Saturday, September 24, 2011

Why Fabricate HIV Data When You've Got the Real Thing?

In the Kenyan Modes of Transmission Survey, which purports to estimate the relative contribution of each HIV transmission mode, the guesstimate for the contribution of men having sex with men is lumped in with a figure that is said to include prison populations.

This is a ridiculous way of estimating the contribution of these different modes of transmission in particular, though the entire document is unlikely to have any verifiable figures. But, as not all men who have sex with men are in prison, not all prisoners have sex with men and not all HIV transmission, especially in prisons, is transmitted sexually, it's difficult to understand why some well paid consultants even bothered to produce the document.

So when you come across an article entitled "Same Sex Hindering HIV Fight in Prisons", you might wonder where they get their figures from. We are promised a reduction in HIV transmission rates because the prisons are introducing 'counselling'. But will the counsellors inform prisoners and prison staff about non-sexual as well as sexual risks? HIV 'prevention' activities tend not to do so.

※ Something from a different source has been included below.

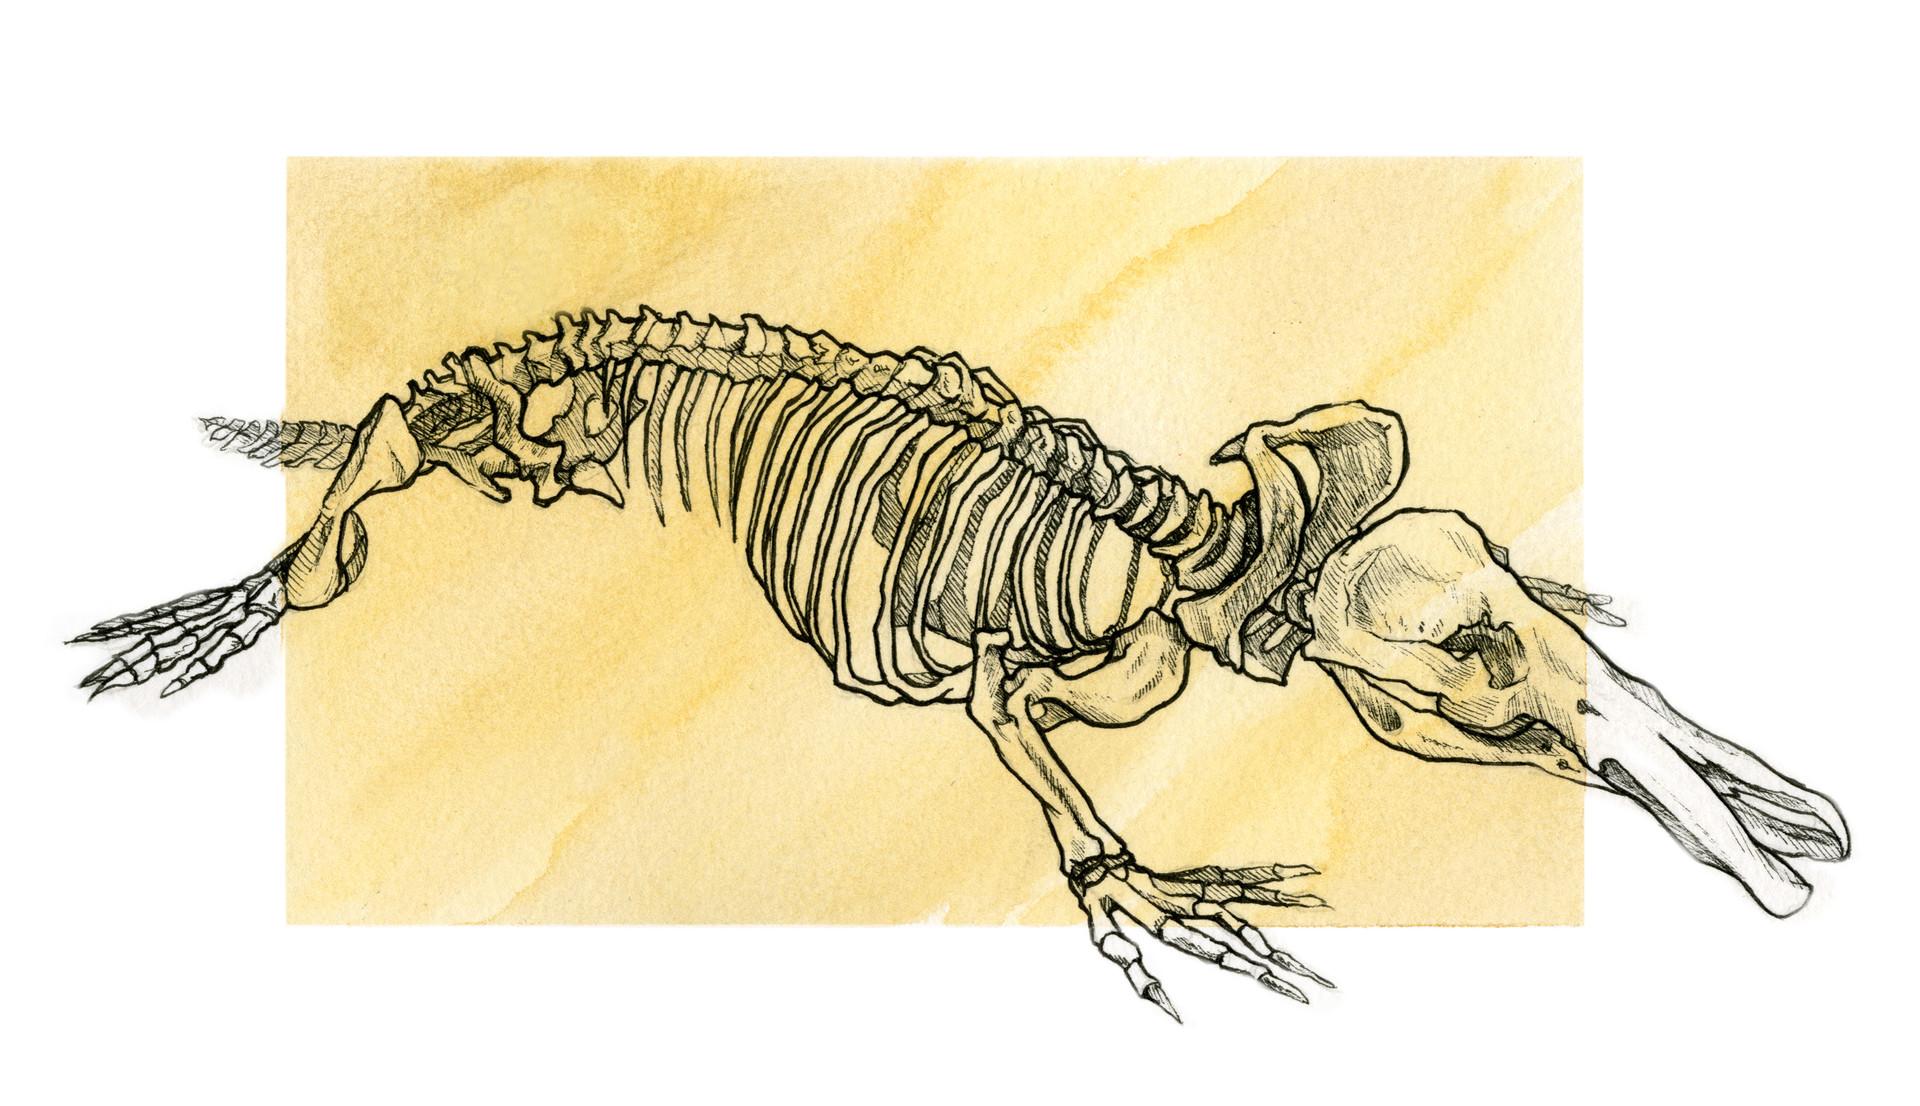 ArtStation - The Platypus - Naturalist Illustration , Luca Lonardi

In a prison, you don't always have that much option about what kind of health care services you receive. It seems unlikely that you will meet with much sympathy if you complain that services don't include sterile procedures. Equally, you are unlikely to be able to choose who shaves your head, how sterile the instruments are or how careful the hairdresser is.

In fact, given the lack of attention to non-sexual HIV transmission through unsterile health care and cosmetic services, it is unlikely that many prisoners would even notice or be aware of the risks they are facing every time they go to the clinic or the barber's. It's as unlikely as non-prisoners knowing such things.

Also, tattooing is said to be very popular in some prisons, as are other forms of body art that involve breaking the skin. Instruments for tattooing and other skin piercing activities are not easy to come by, nor are materials for making paint. This means that they are likely to be reused, perhaps even sold to others.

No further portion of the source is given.